So far, we have assumed that a year has 365 days and thus that the probability of any birth day is $1/365$.

However, not all planets have 365 days! What about all the other earth-like exoplanets out there? Their inhabitants certainly would be curious about their birthday paradox.

Below, we will compute the average maximum number of people (as before) for different year lengths. First, let's start by encapsulating our previous logic into a function:

In [None]:
import numpy as np
from random import randint

def compute_average(nr_days_in_year, nr_runs=1000):
    """ Performs a simulation (as before) for a given number of days in the year
    """
    pass

Let's call this function for different number of days in the year, and store the corresponding results:

In [None]:
all_nr_days = range(1, 1001, 10)
average_numbers = []

for nr_days in all_nr_days:
    ### compute the average for this number of days, and append to the list of averages

And let's plot how the average maximum number of people evolves with the number of days in the year:

In [None]:
import matplotlib.pyplot as plt

plt.figure(figsize=(6, 4))
plt.plot(list(all_nr_days), average_numbers, lw=3)
plt.xlabel('Number of days in the year')
plt.ylabel('Average max number of people with distinct birthdays')

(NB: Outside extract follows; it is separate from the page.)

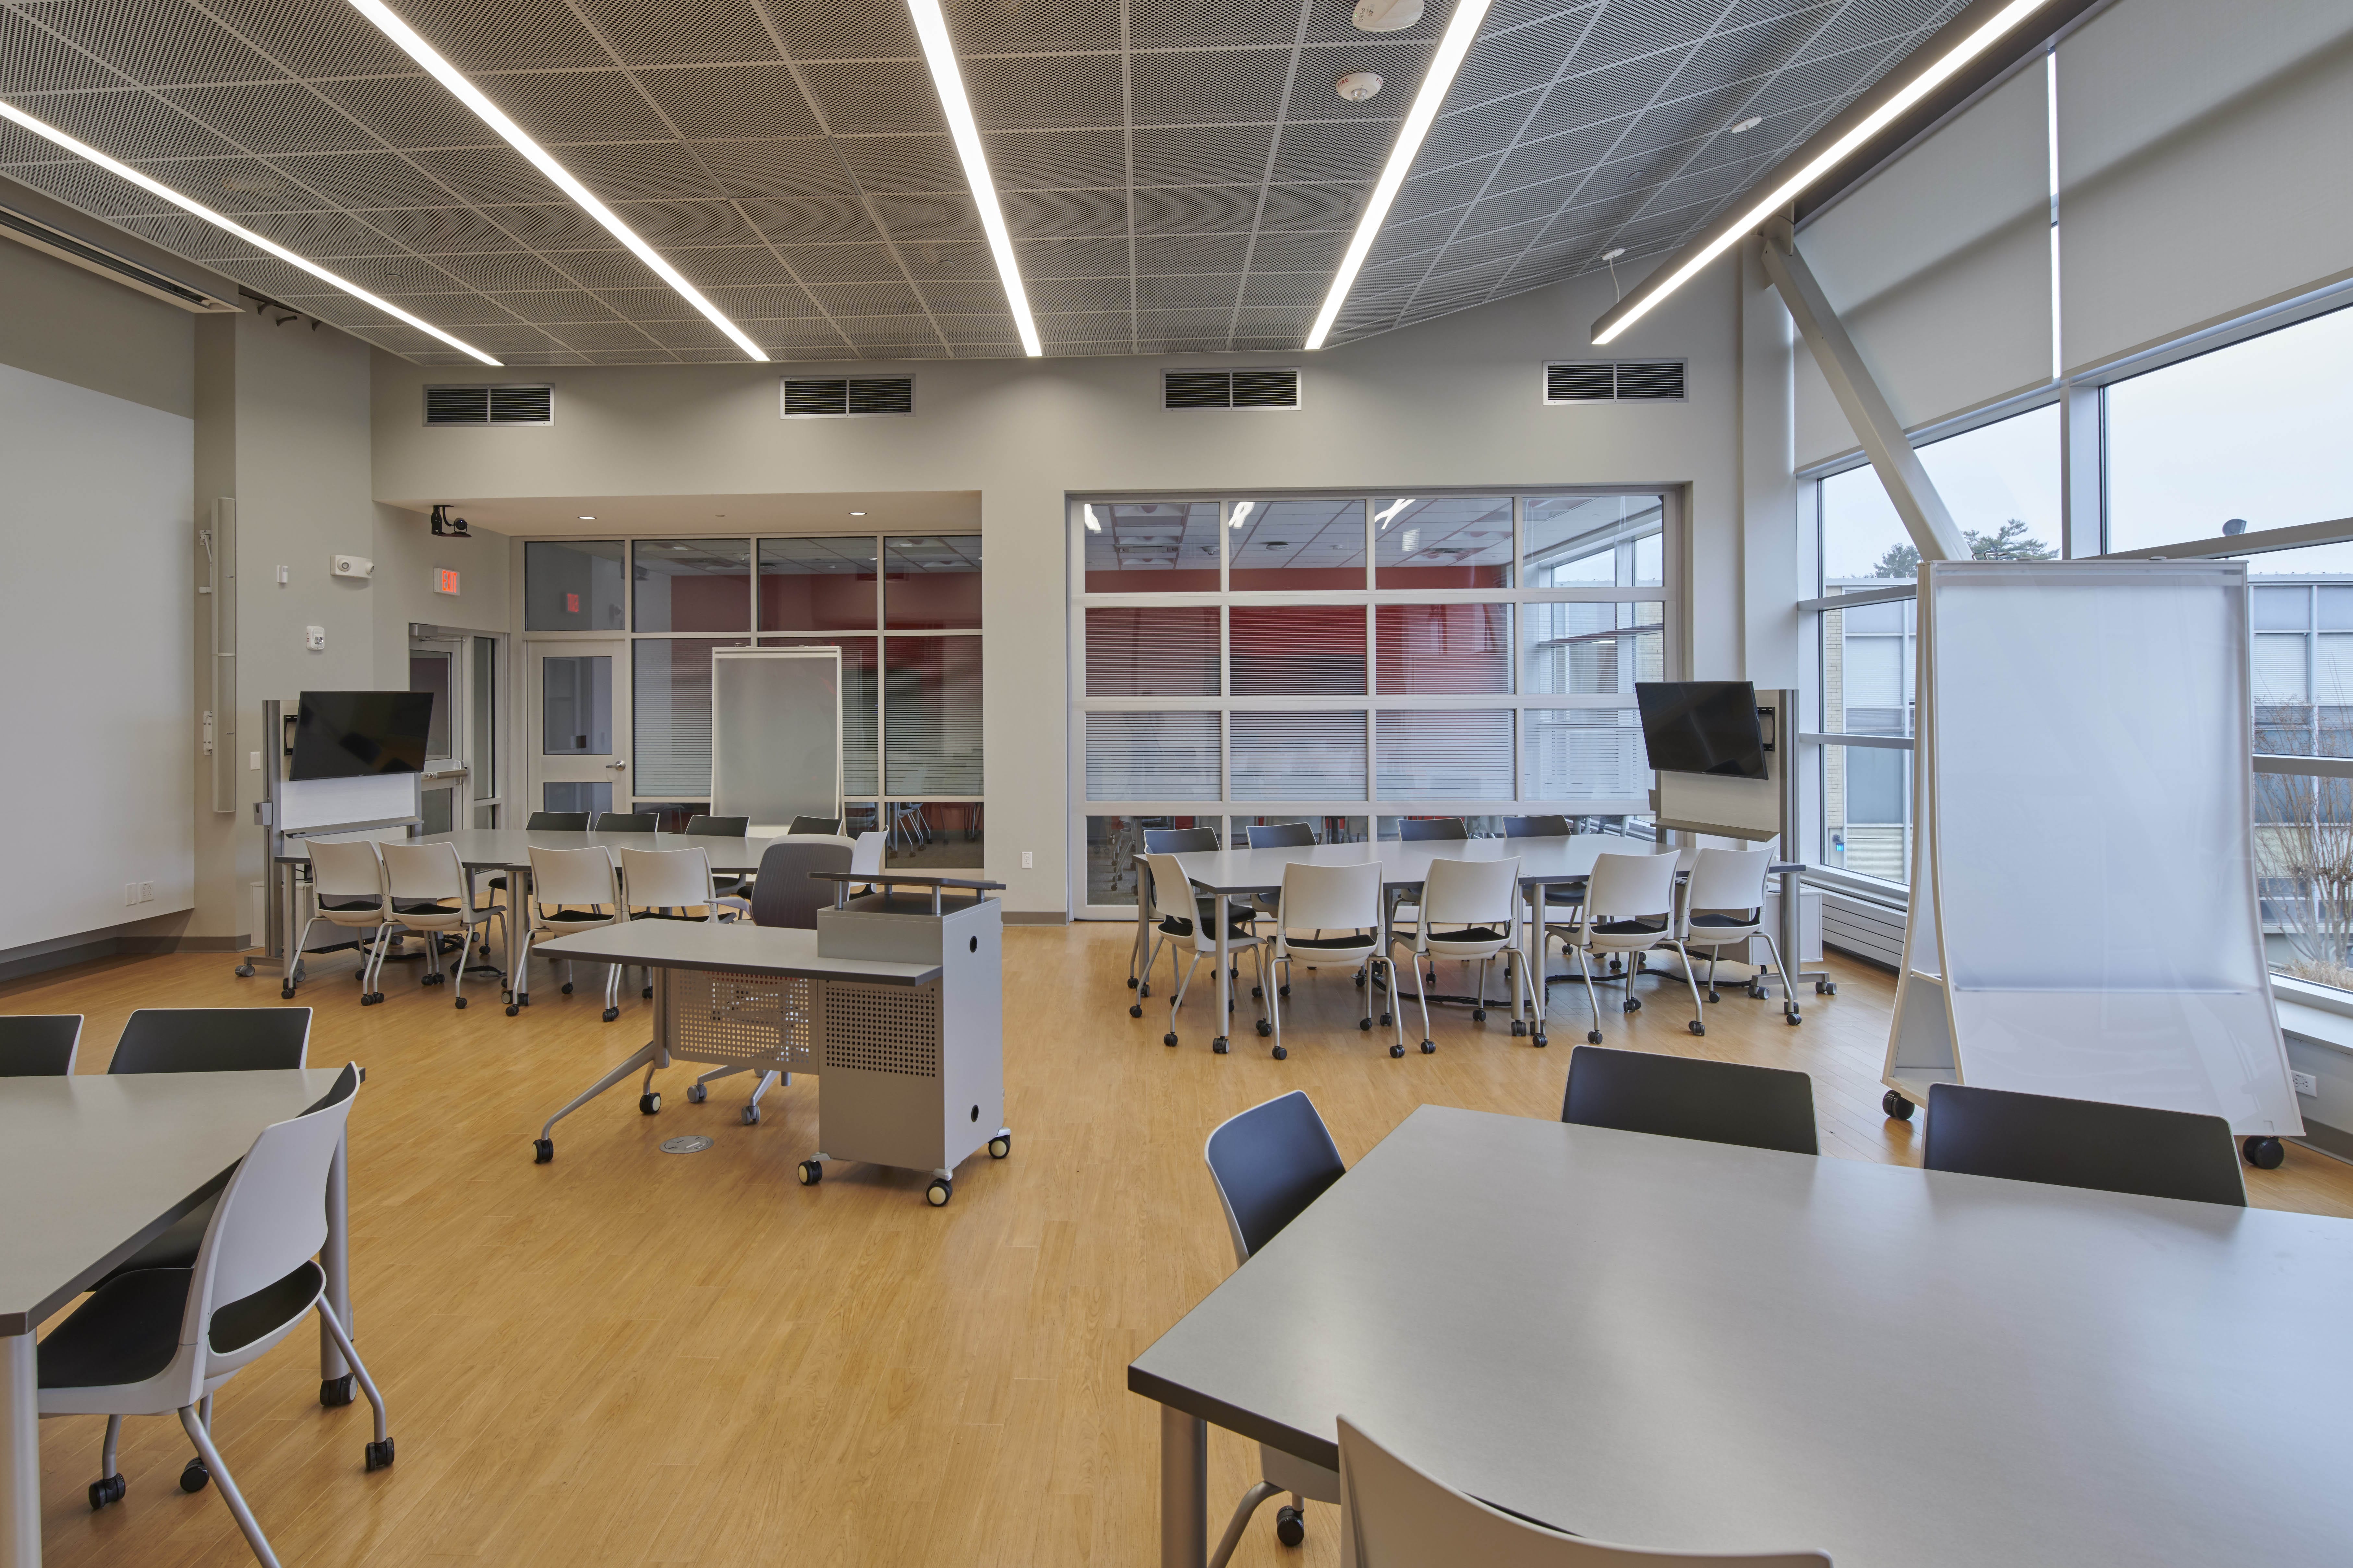 A new high-tech learning space opens in Anheuser-Busch Academic Hall.
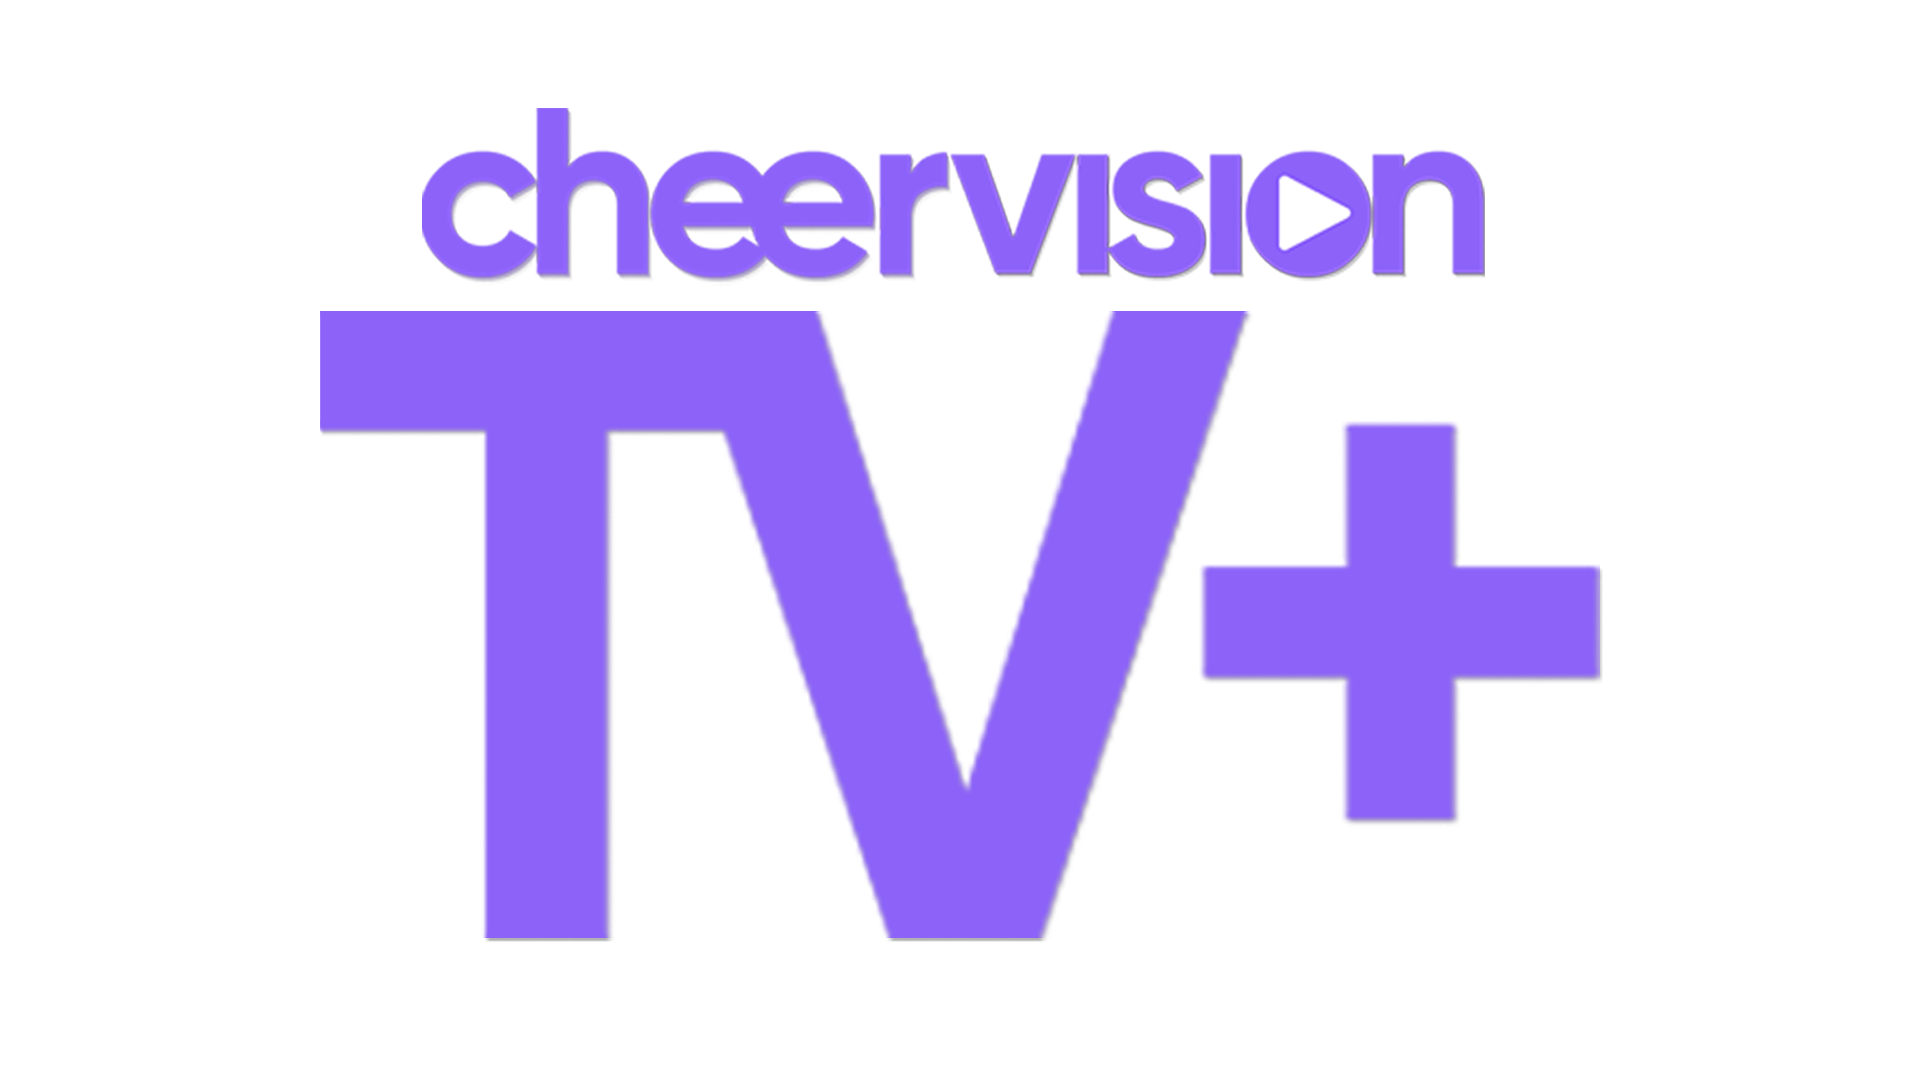 What is the difference between CheerVision TV+ and DVB-T2?

You can try experimenting with 1,000, 3,000 and even 10,000 days. What do you observe?

#### Follow-up Question1:
In addition to plotting the average number of people, you can try also plotting the standard deviation.

#### Follow-up Question 2:
Can you find a good fit for the function above (giving the average number of people given the number of days)?
*Hint*: `y = x**0.5` is a good start